Rebalancing Your People Portfolio
Six actionable steps you should take when developing a winning workforce strategy.
With layoffs and hiring freezes dominating headlines, it would be easy to think the war for talent is over. And if one were to judge talent acquisition trends by past economic downturns, many organizations would shift their hiring strategy.
But this economic environment is different. In the U.S., the Federal Reserve projects the current downturn might cause the unemployment rate to rise from 3.8% to a still-low 4.4% in 2023 and 2024. And in the U.K., unemployment hovers at the lowest level in 50 years.
Despite these challenges, there is still a war for great talent and acquiring the right people with the right skill set to do the job. And it is vital to your firm’s success. According to Forrester’s recent Budget Pulse Survey, most leaders reported they would not decrease spending on talent, with 60% of leaders expecting to increase spending on personnel and 62% expecting to improve external services.
Strategic workforce planning is by no means a new concept.
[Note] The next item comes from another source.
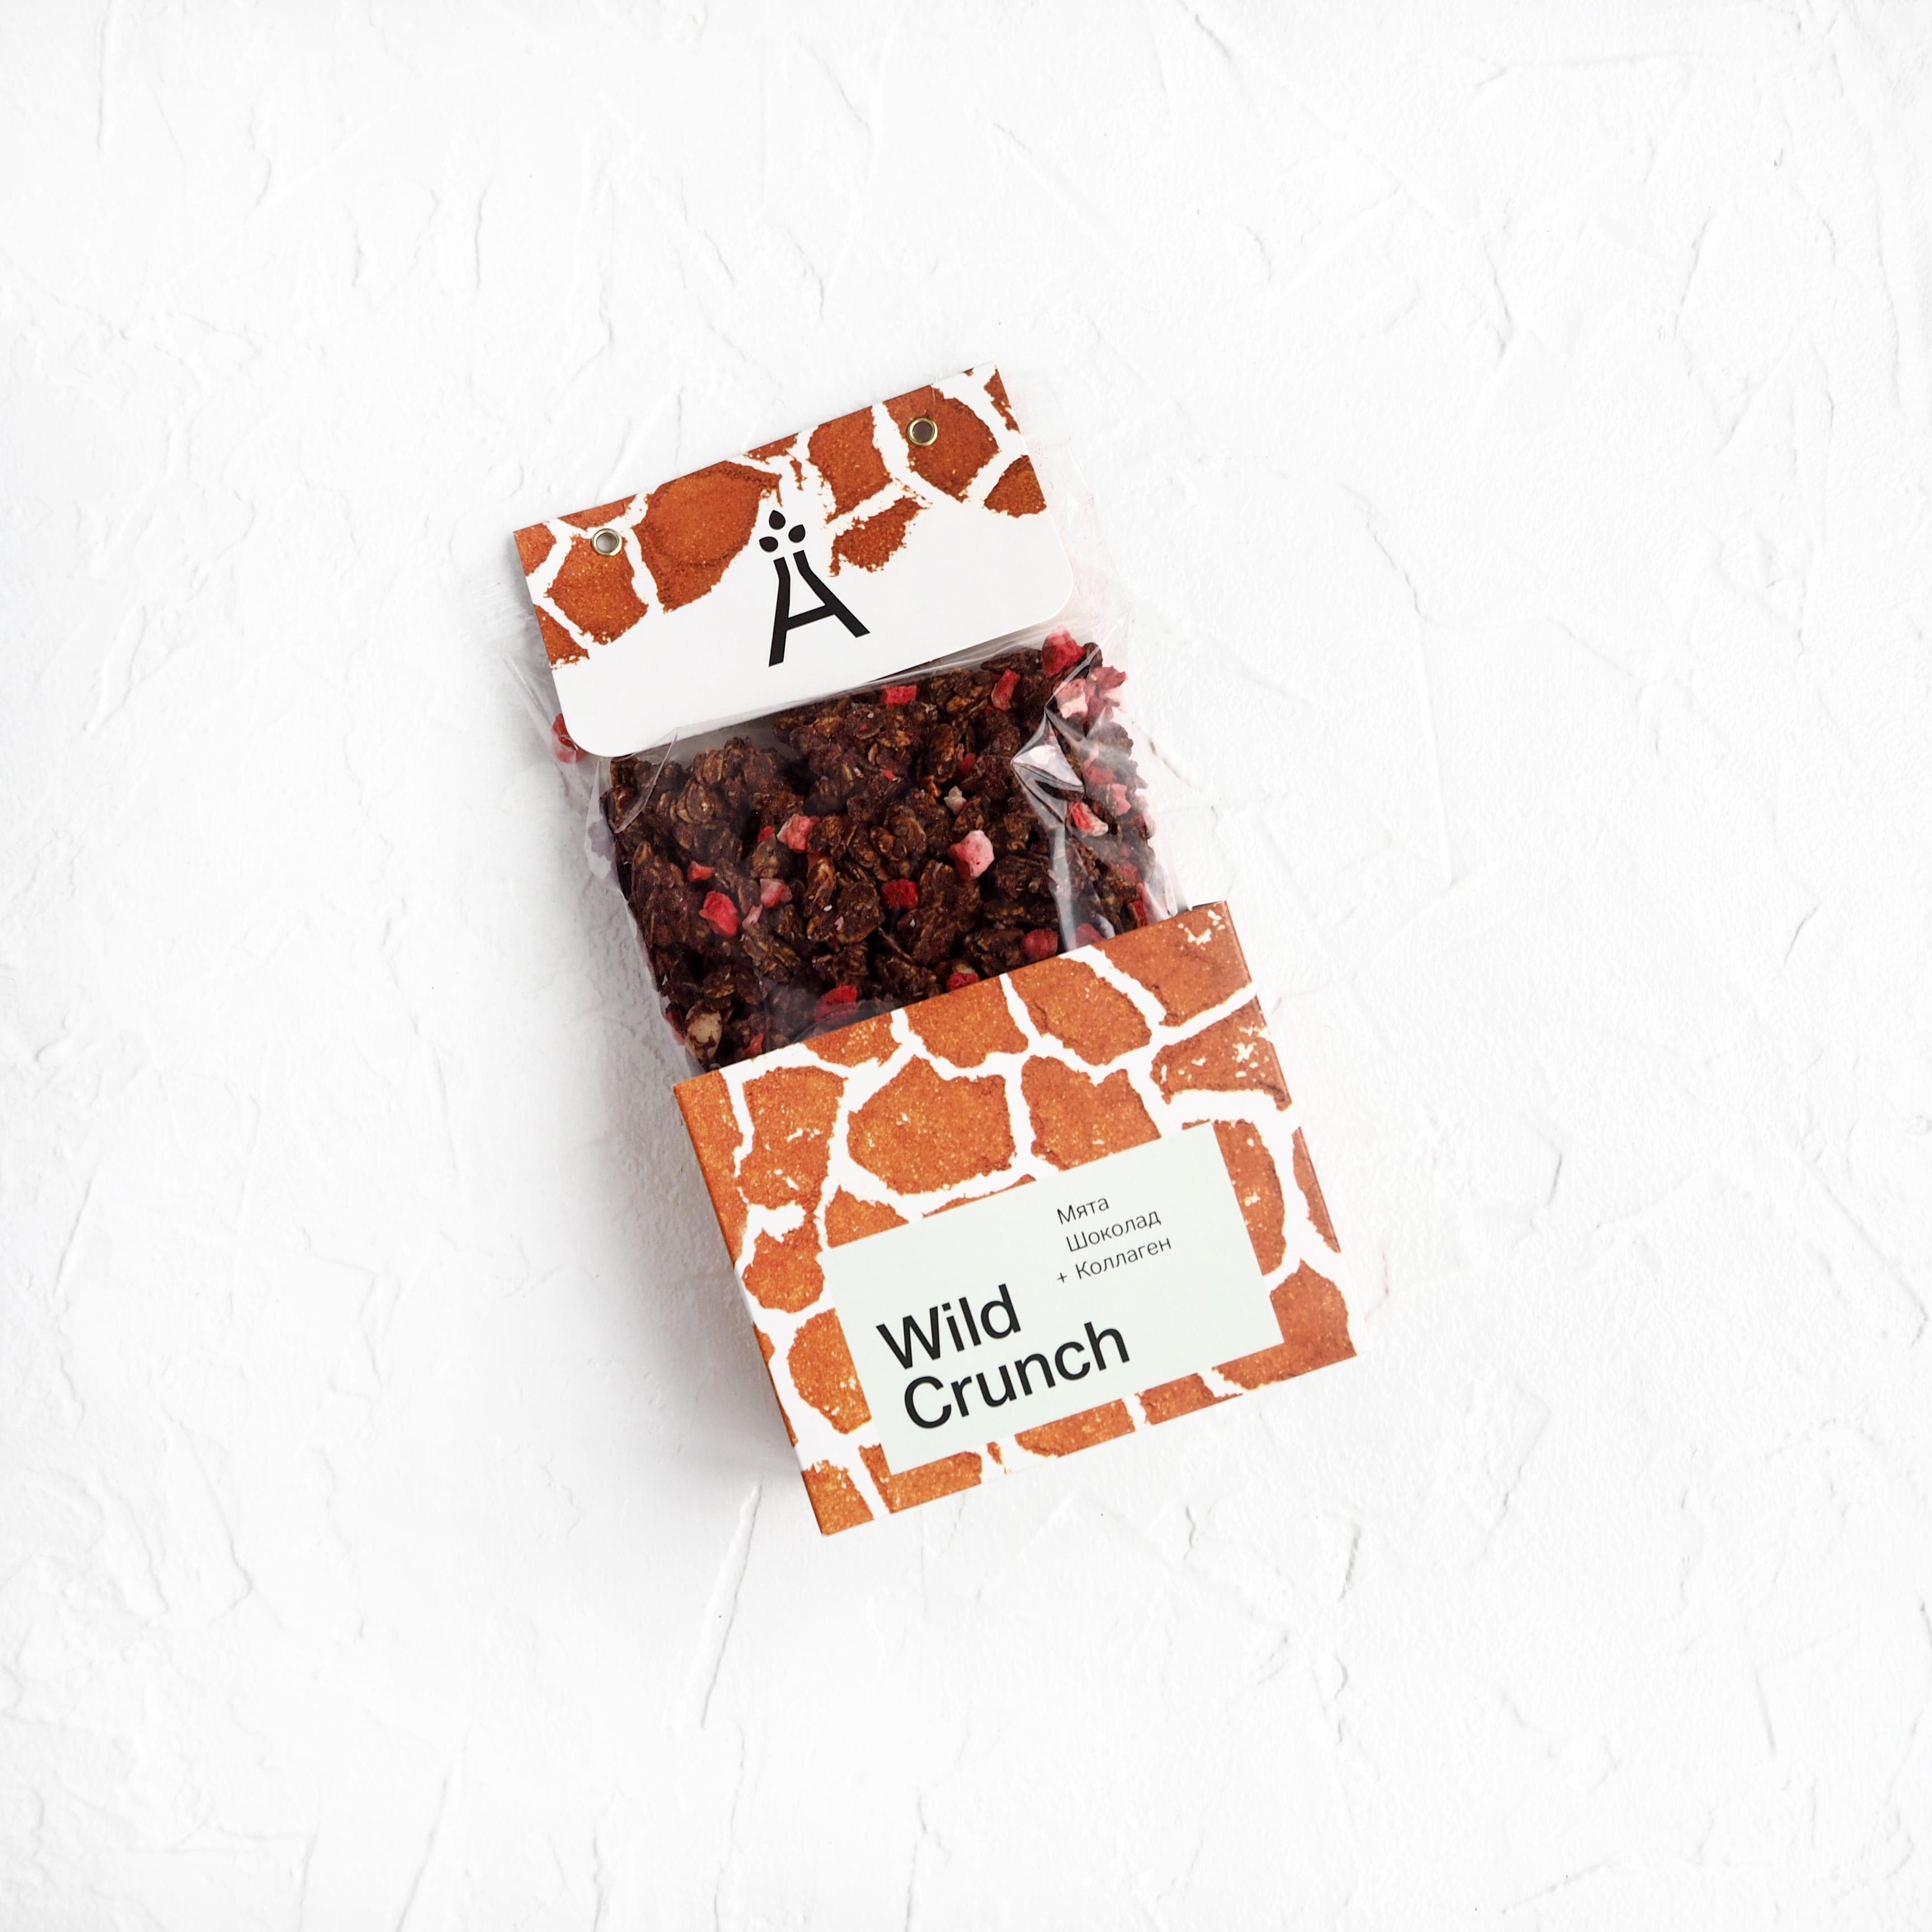 Wild Crunch Мята и шоколад (260 г)

As far back as the 1960s, management thinkers prescribed methods to balance the talent supply and demand equation. And in financial downturns, the topic usually finds renewed interest among the c-suite.
Here are six fundamentals you should consider when building your talent strategy.
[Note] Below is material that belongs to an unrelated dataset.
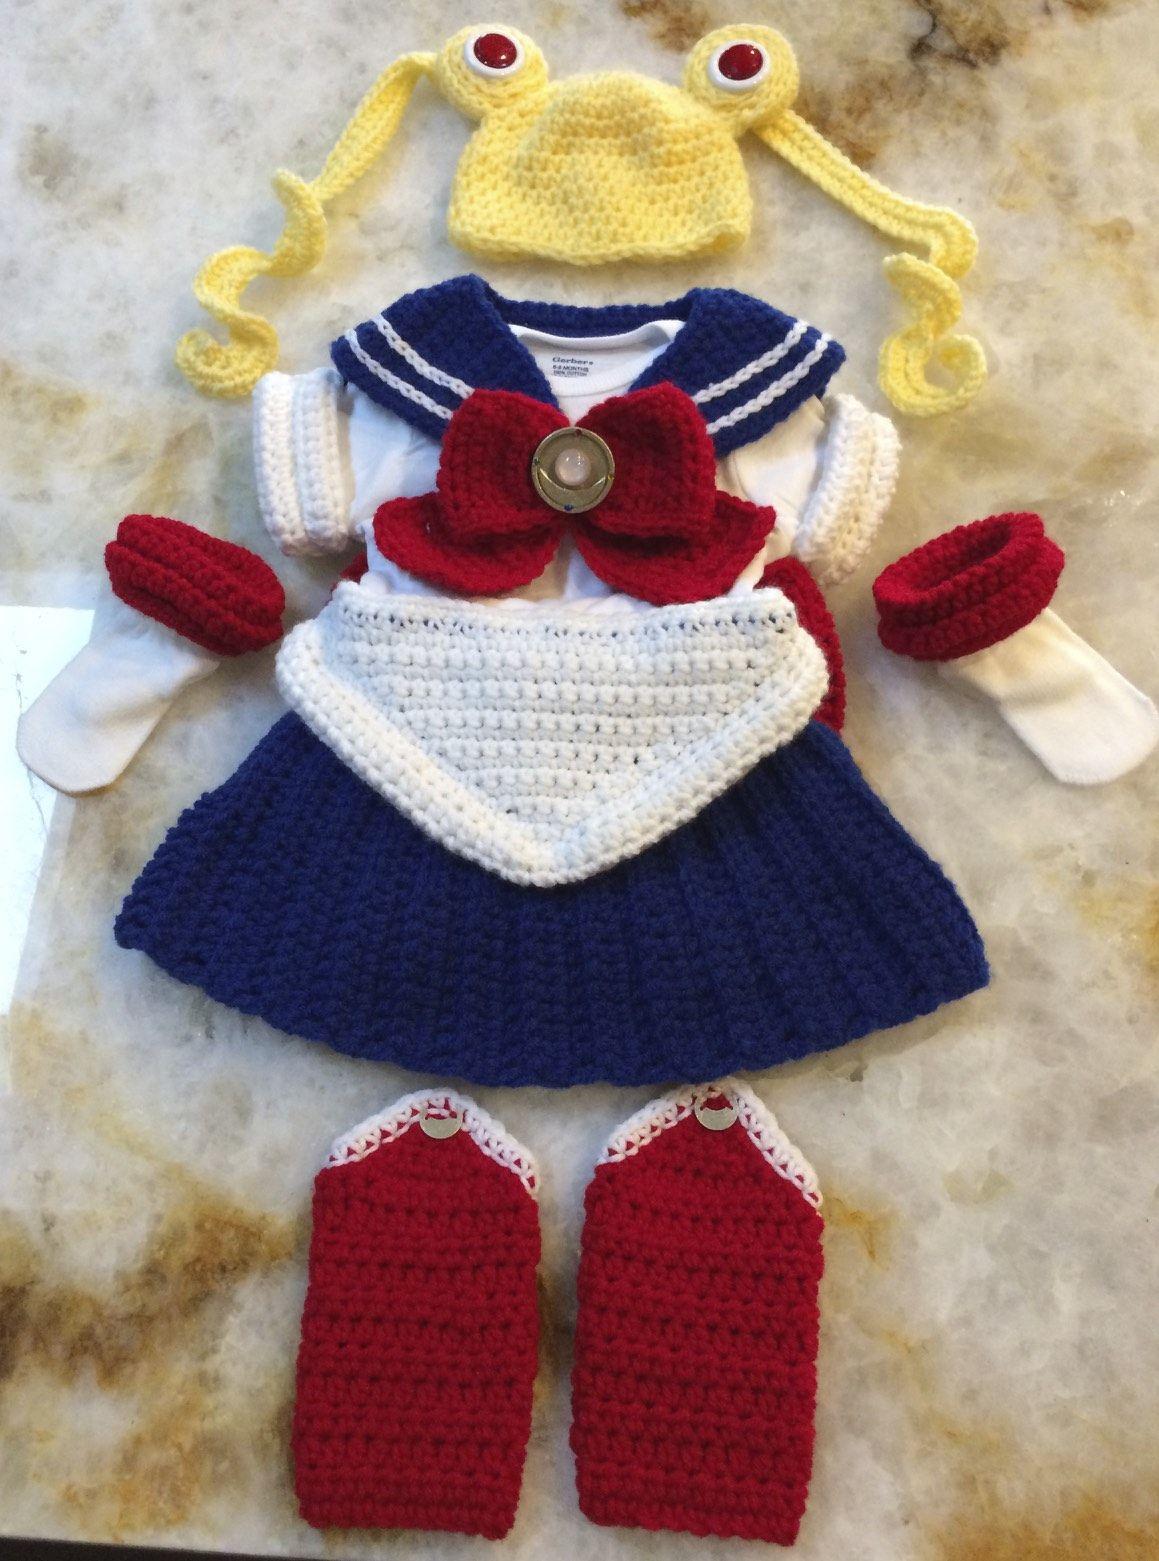 Crocheted Sailor Moon Outfit | CROCHET | Pinterest ...

1. Strategic Workforce and Talent Planning Should Be an Activity of the Entire C-suite
As of 2020, 80% of all assets in the S&P 500 are intangible. And one of the most important intangible assets of any organization is its people, which is why it is essential that the entire leadership team participates and has a responsibility in the firm’s talent acquisition and workforce planning process- not just human resources.
The leadership team should start with a clear vision of the company’s business strategy over multiple horizons- say six, 12
, and 24 months. While no one has a crystal ball for the future, even a directional view of the organization’s immediate, mid and long-term needs will provide a solid foundation for strategic investments in talent.
2. Identify Critical Talent Segments to Deliver on Your Business Strategy
Once companies are clear on where they want to go, strategic priorities come into focus. To identify your critical talent segment, you should assess three key areas:
- Internal labor market: Identify the emerging trends within your workforce and how these trends will impact your business priorities.
- External labor market: Analyze the external labor market to determine who you should hire and what skill sets you will need to match your business priorities.
- Assess talent needs and prioritize critical roles at the enterprise level: Uncover each business unit’s capability needs to sharpen your recruitment efforts.
3. Invest in Your Workforce Like You Would a Financial Portfolio
As your leadership team makes strategic investments in immediate needs, it’s easy to lose sight of your future vision – and the talent you’ll need to succeed.
To help you avoid this common pitfall, we recommend approaching your workforce planning as you would with your investment portfolio. Consider a 70/20/10 investment framework to ensure you have the talent you need today to drive critical business outcomes and the workforce you need in the future:
- Dedicate 70% of your talent investment to core business needs
- Reserve 20% of talent investment for emerging business opportunities
- Devote 10% of talent investment for future growth opportunities
4. Build a People Analytics Team
A robust people analytics team can help translate the refreshed strategy to the future workforce, even as the hiring picture changes. Consider building a people analytics team (with access to workforce planning tools) who know how to leverage your data to answer critical questions like:
- How many people are needed to execute current plans?
- What skills will our future people need?
- What roles and responsibilities can we outsource?
- What work, if any, should be outsourced or automated?
- What structural changes are required for future initiatives?
5. Invest in a Compelling Employee Value Proposition and Company Culture
There’s no secret to this. People want to work for companies that value them. New graduates stampede toward firms like Alphabet and Apple because they are good employers. That creates a flywheel: They attract and keep the best people, and these gifted workers help them grow faster. And because they grow faster, they can better invest in people, enabling their growth and success.
In addition, a compelling employee value proposition and company culture help you build trust, engagement and performance within your workforce, which is critical when implementing significant change within your organization.
6. Develop Flexible Ways to Deploy Your Talent
New strategies–and new markets–create opportunities for employees to diversify their skill sets. Make it easy for them to do so with formal and informal ways, such as project-based agile squads, partnering models and centers of excellence.
These flexible ways of working will empower your employees to mesh their interests with the needs of the business.
Individual employees will immediately see the benefits, recognizing new avenues of career development. And the organization benefits from a more flexible, multi-talented workforce.
If your organization isn’t yet taking a strategic approach to workforce planning, consider starting with a solid foundation around these six principles. You’ll find that reimagining your workforce strategy with the same passion and innovation as customer-facing aspects of business doesn’t just prepare your organization for your future vision; it will also help ensure you have the right talent to weather current storms.